3.4 Key Phase 1 Conclusions
- Quality is broadly stable Q8_0 through Q5_K_M for all 3 models.
- Q2_K is catastrophic for llama3.2-1b (-24.9%) and qwen2.5-1.5b (-38.3%).
- phi-2 is most robust -- worst quant (Q4_K_M) loses only -7.2%.
- Non-monotonic quality observed (e.g., llama3.2-1b Q4_K_M > Q8_0) -- likely measurement noise at N=50.
4. Phase 1 Limitations & Lessons
Phase 1 identified several critical limitations that Phase 2 was designed to address:
| Limitation | Impact | Phase 2 Fix |
|---|---|---|
| Wall-clock timing (CV 37-42%) | Cannot reliably compare quant-level throughput | Native Ollama eval_duration |
| Base-vs-instruct confound | TR124 FP16 baselines were base models; Ollama uses instruct | FP16 Ollama baselines (same instruct model) |
| No benchmark accuracy | Generation metrics are noisy proxies for knowledge | Real MMLU (285) + ARC-Challenge (200) |
| Binary quality threshold (-10% safe/unsafe) | Too coarse for deployment decisions | 4-tier system (negligible/acceptable/concerning/unacceptable) |
| Small sample size (N=50, 10/task) | Cannot detect effects <10% at 80% power | N=485 benchmark + N=250 generation per variant |
| 3 models only | No data above 2.7B parameters | 5 models spanning 1.2B-8B |
| No TTFT measurement | Cannot evaluate prompt processing latency | Native prompt_eval_duration |
| No FP16 quant level | Cannot measure FP16-to-Q8_0 delta | FP16 Ollama included for 4 of 5 models |
5. Phase 2 Methodology & Design
5.1 Research Questions
Phase 2 addresses the same 6 research questions from SS1.1, with sufficient statistical power and benchmark anchoring to produce actionable answers.
5.2 Benchmark Matrix
| Dimension | Values |
|---|---|
| Models | llama3.2-1b (1.2B), qwen2.5-1.5b (1.5B), phi-2 (2.7B), llama3.2-3b (3.2B), llama3.1-8b (8B) |
| Quant levels | FP16, Q8_0, Q6_K, Q5_K_M, Q4_K_M, Q3_K_S, Q2_K |
| Model variants | 34 (4 models x 7 levels + 1 model x 6 levels) |
| Benchmark tasks | MMLU (285 real questions), ARC-Challenge (200 real questions) |
| Generation tasks | summarization, QA, code_generation, creative_writing, classification (50 samples each) |
| Temperature | 0.0 (greedy) |
| Max new tokens | 256 |
| Repetitions | 1 (deterministic at temp=0; validated by TR124 Phase 3) |
| Seed | 42 |
| Warmup | 2 runs per model variant |
Sample counts:
| Category | Per Variant | Total (34 variants) |
|---|---|---|
| MMLU | 285 | 9,690 |
| ARC-Challenge | 200 | 6,800 |
| Generation (5 tasks x 50) | 250 | 8,500 |
| Total | 735 | 24,990 |
5.3 Real Benchmark Data
Unlike Phase 1 (which had no benchmarks) and TR124 Phase 1 (which used loglikelihood ranking), Phase 2 uses generation-based scoring on real benchmark questions:
- MMLU: 285 questions from
cais/mmluon HuggingFace, 5 per subject across 57 subjects. Model generates an answer letter; scored via regex extraction. - ARC-Challenge: 200 questions from
allenai/ai2_arc(Challenge subset). Same generation-based scoring.
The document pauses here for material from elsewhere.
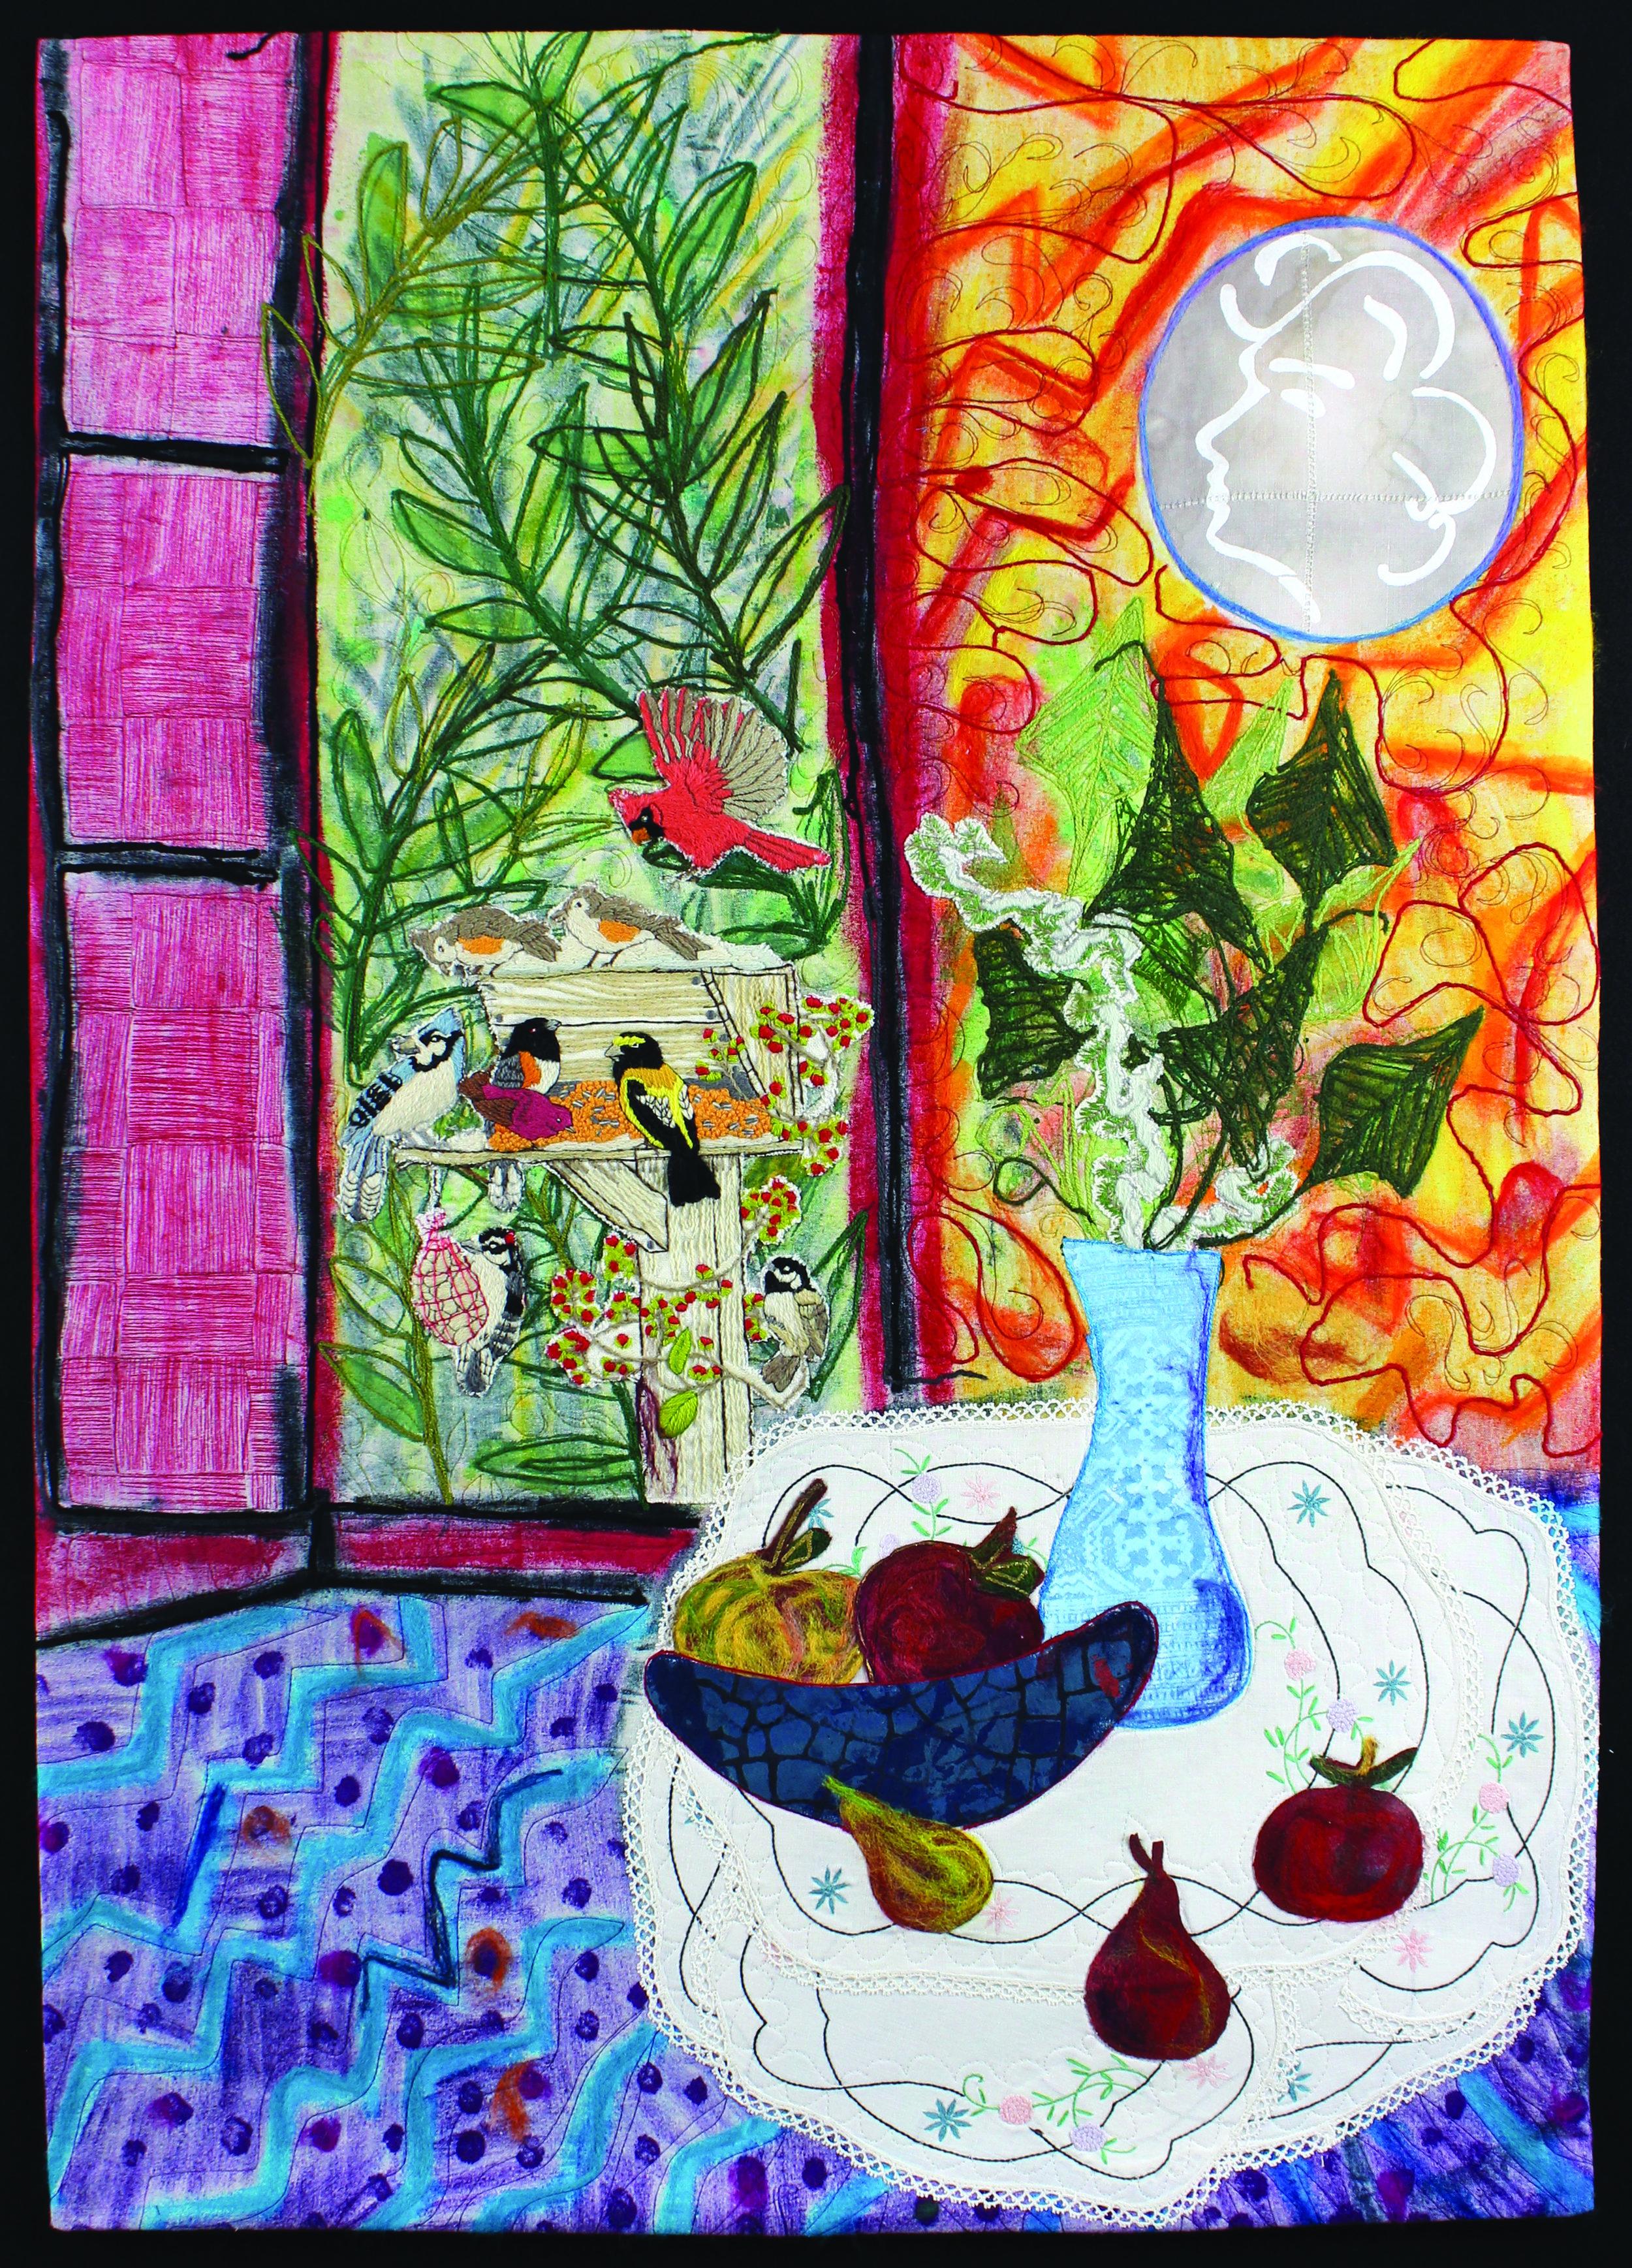 Matisse's Bird Feeder

Generation-based scoring is necessary because Ollama does not expose loglikelihood computation. The rescoring pipeline extracts answer letters from model output using regex patterns (e.g., "B", "B)", "The answer is B", "Answer: B"), reducing formatting noise.
5.4 Quality Tier System
See Metric Definitions section above. The tier system was designed with the power analysis in mind: the "negligible" tier (-3pp) is near the statistical detection limit (9.0pp MDE at 80% power), meaning measured values within this range are genuinely small.
5.5 Native Timing Methodology
Phase 2 extracts timing from Ollama's backend_metadata response:
- eval_duration: Time spent generating tokens (excludes prompt processing). This is the "native" decode time.
- prompt_eval_duration: Time spent processing the prompt (TTFT proxy).
- Native tok/s:
num_tokens_generated / (eval_duration_ms / 1000). - Wall-clock tok/s:
num_tokens_generated / (generation_time_ms / 1000)(includes HTTP overhead). - HTTP overhead %:
(native_tok_per_s / wall_tok_per_s - 1) * 100.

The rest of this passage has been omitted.